Even in death, they endured the impunity of crimes committed against the poor in the country, said Escobar. U.S. government officials, who were supporting — financially and otherwise — the repression of El Salvador’s government at that time, even suggested that the Catholic women could have been at fault, calling them “activists” and later suggesting that they may have run a roadblock leading to their deaths — not taking into account their rape. Their bodies were found after they were shot execution style in the back of the head, stacked on top of one another in a shallow grave.

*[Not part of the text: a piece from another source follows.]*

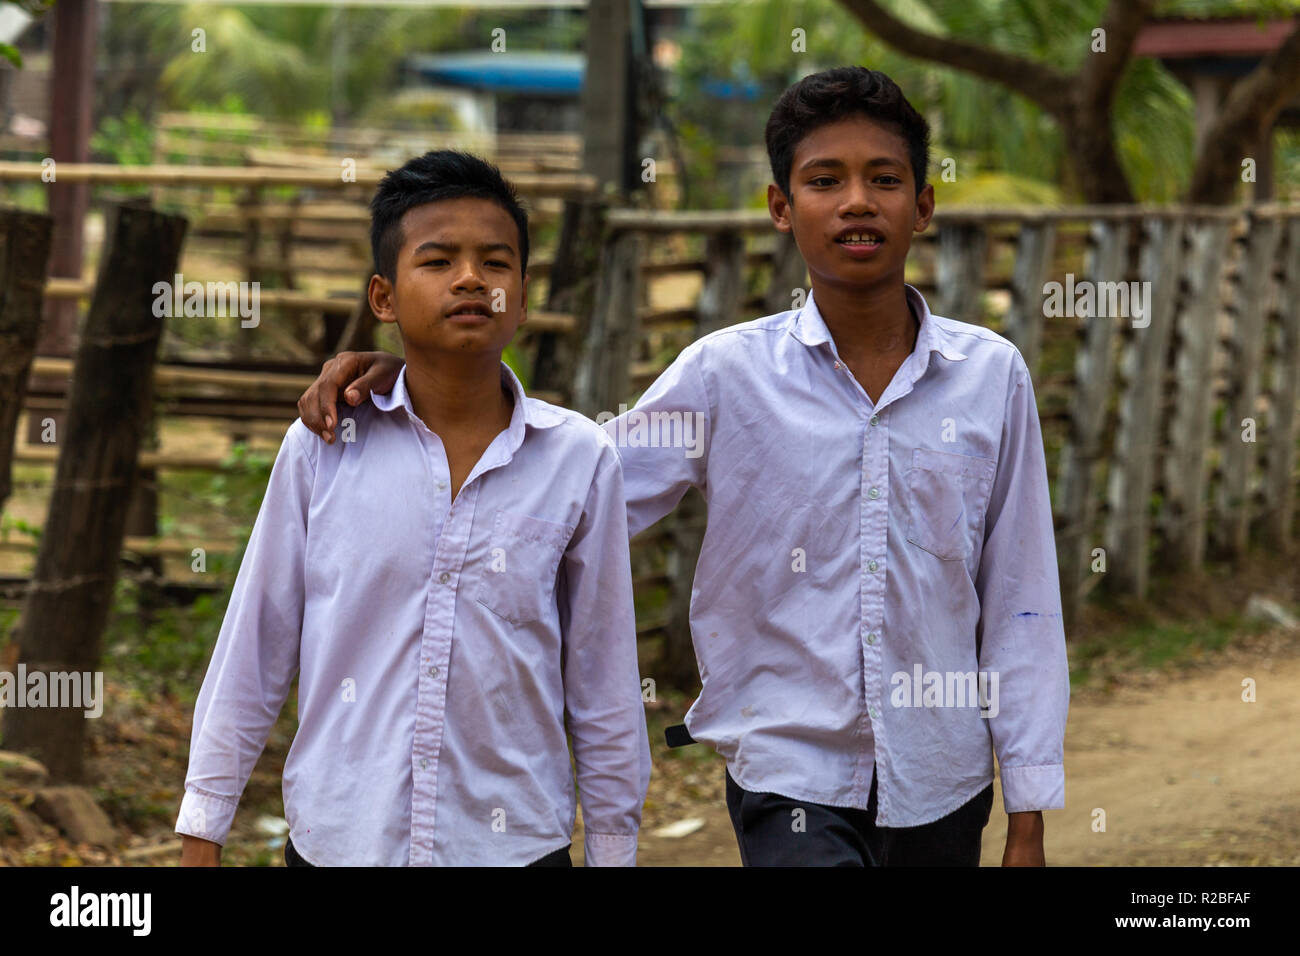 Don Det, Laos - April 24, 2018: Schule Jungen gemeinsam zu Fuß durch ein abgelegenes Dorf im südlichen Laos Stockfoto

Though the bodies of Kazel and Donovan were returned to the U.S., Ford and Clarke were buried in El Salvador, in keeping with Maryknoll practice.
“They could have lived in better (economic) conditions in their native country than here, but, not only did they show solidarity with the poor, but also suffered the same fate as the poor, the thousands of murdered catechists, delegates of the Word, at the hands of a bloody repression,” Escobar said in a Sept. 2 CNS interview. “They were victims, we could even say, of the weapons of their own country, the country they were from, because back then, our armed forces received practically all military funding from the United States.”
Though they may have been born in the U.S., the bishop said, they were, first and foremost, committed Christians who chose to serve the people of Chalatenango.
“They were characterized by that service in our country and those who lived in Chalatenango as well,” he said. “In fact, we celebrate on Dec. 2 the thousands of martyrs of Chalatenango in honor of them and chose that date in honor of them (the U.S. women) and accept them as martyrs of Chalatenango, along with the thousands who died here.”
He said that even though it’s not under his purview to officially declare anyone a saint, he believes Chalatenango, where the women are buried, is home “to these great saints, which, to me, they are because they were martyrs, because they lived out the Gospel of Jesus Christ to the most extreme of consequences.”
If you look at church history, he said, the first saints were martyrs, and the early Christians venerated them as such. But because they belonged to different orders, different dioceses, countries, one was a layperson — opening a cause of canonization and under whose jurisdiction can be a complicated matter, the bishop said.
But Acosta said, “Our people have already canonized them.”
“If Rome wants to speak on that matter, it can speak on that matter. But I don’t doubt that they’re saints, that they’re martyrs. To me they are the martyred women of 1980,” sharing the same year of martyrdom as Romero, who’s now officially a saint, he added.
Though the COVID-19 pandemic brought the 40th anniversary commemoration of St. Romero’s martyrdom to a halt in March, Chalatenango said it will continue with plans to mark the 40th anniversary of what it calls the women’s martyrdom, including its annual Martyrs of Chalatenango Mass, a blessing of the Maryknoll Sisters’ tombs and perhaps a bilingual program via livestream on its Facebook page as part of a digital pilgrimage for those who can’t make it.
“For us, it’s important that those in the U.S. understand that they (the women) were martyred for the Gospel,” Escobar said. “And there have been true saints in these times in history, from the U.S., as these women were.”